Robin Thicke has finally broken his silence on the lawsuit he lost back in March over the issue of his Pharrell Williams-assisted hit "Blurred Lines" in a new interview with the New York Times. The lawsuit alleged that "Blurred Lines" illegally lifted the groove from Marvin Gaye's "Got to Give it Up" and resulted in a court-mandated payout of $7.4 million to the family of the late singer. 

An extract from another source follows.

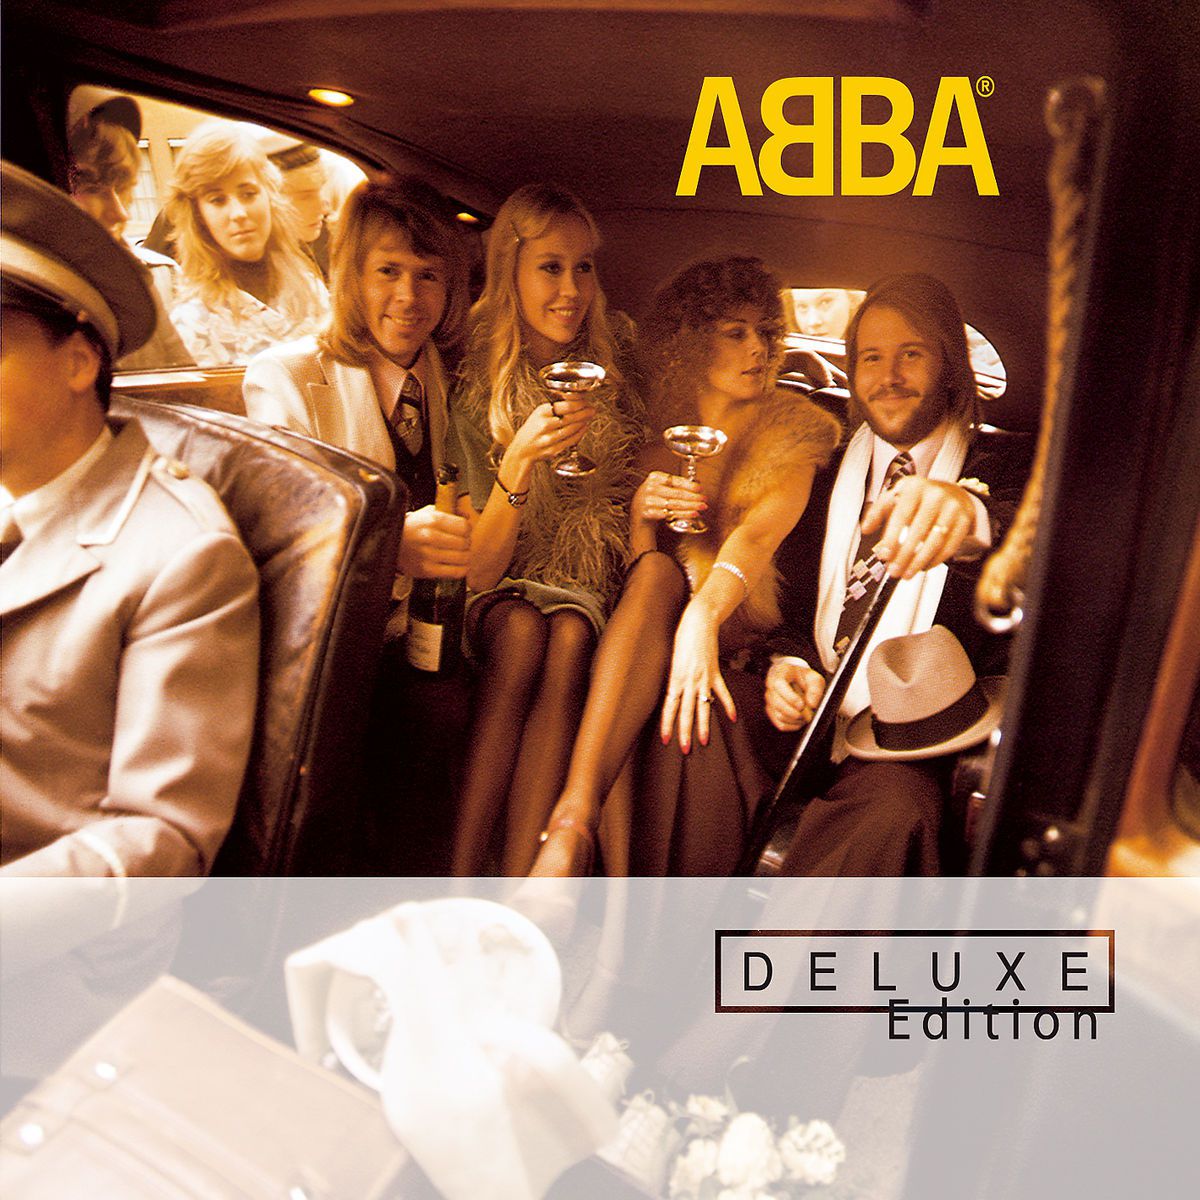 ABBA: Das sind die bisherigen 8 Studio-Alben der Kultband

According to Thicke, the decision came as a surprise and he explained his motivation to appeal on those terms. "Obviously, that’s why we’re appealing," he told the Times. "It comes right down to knowing the difference between being inspired and stealing. Why would I want to, or have to, steal from anybody to make my music? Inspiration can be subliminal...I know the difference between inspiration and theft. I’m constantly inspired, but I would never steal. And neither would Pharrell." During the interview Thicke also admitted that he was too caught up in his personal life—namely, his very public and unashamed campaign to get his ex-wife Paula Patton back—to give the trial the attention it deserved. "I didn’t give my all to the trial," he said. "It simply wasn’t as important to me as what was going on in my personal life. I was lost at the time. I had lost my way."

"What I thought was romantic was just embarrassing," he said of his public performances pleading for Patton's forgiveness. "So I shut everything down. I took some time off to be with my son and to be with my family and close friends. And the more time I took off, the more everything became clear."

Meanwhile, Thicke is currently prepping an album tentatively titled Morning Sun for release later this year.